Social media platforms have been a vessel for this new ideology to flourish, acting as virtual megaphones for political malpractice or human rights breaches, allowing their users to voice their thoughts, no filter. However, online activism has bred a darker subculture of champagne socialism, whereby involvement is from the safety of one’s phone and action is underpinned by performative motives.

Many prominent media figures are being accused of this behaviour and a growing proportion of former ‘spokes people’ are declaring themselves ‘anti-woke’ in retaliation. But is it fair to denounce all social media activism as BS? The ongoing campaign for intersectional equality remains a hostile landscape and is certainly not one which is easy to navigate.
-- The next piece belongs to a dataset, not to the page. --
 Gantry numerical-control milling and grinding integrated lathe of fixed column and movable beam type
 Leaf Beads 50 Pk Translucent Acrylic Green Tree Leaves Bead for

Increasingly there is a notion that there are good and bad social media influencers and the public disdain for vacuous, superficial endeavours which offer no contribution to the betterment of a unified society has grown steadily. For many content creators, this prompted a mass exodus from the fixation on ‘light’ topics, such as fashion or makeup, to weighted conversations surrounding gender, race and privilege imbalance. Others failed to extend past a counterfeit display of solidarity.

It comes as no surprise then, that a large cross-section of previously zealous influencers put distance between themselves and the falsehood of sponsored brand deals. But what effect is this having on social progression? For me, the fakeness runs the risk of the voices which carry pertinent messages getting lost in the hum of uninterested apathy.

In the latter half of the 2010s, we welcomed the appearance of the neo-activist. Although perhaps still a pejorative choice of a figurehead for some, the neo-activist has risen to pervasive ranks among groups – the majority being women – who have formerly struggled to find a spokesperson in the public eye who they have been able to comfortably align themselves with. An inflated interest in reclaiming a piece of political narrative has provided the basis for a resurgence of an accessible line of commentary within the digital communication sphere. An example, as inevitable as it is illustrative, is that of the idolisation of media maven Florence Given.

Given was fortunate to come into this world on a wave of privilege. Brought up in an affluent household in Plymouth, Devon, she went on to study at Plymouth College of Art for two years before pursuing an undergraduate degree at London College of Fashion. Her epitomisation of the everywoman’s mouthpiece was kickstarted after launching a petition for Netflix to pull their series Insatiable, which she accused of fat-shaming and gained in the region of 300,000 signatures.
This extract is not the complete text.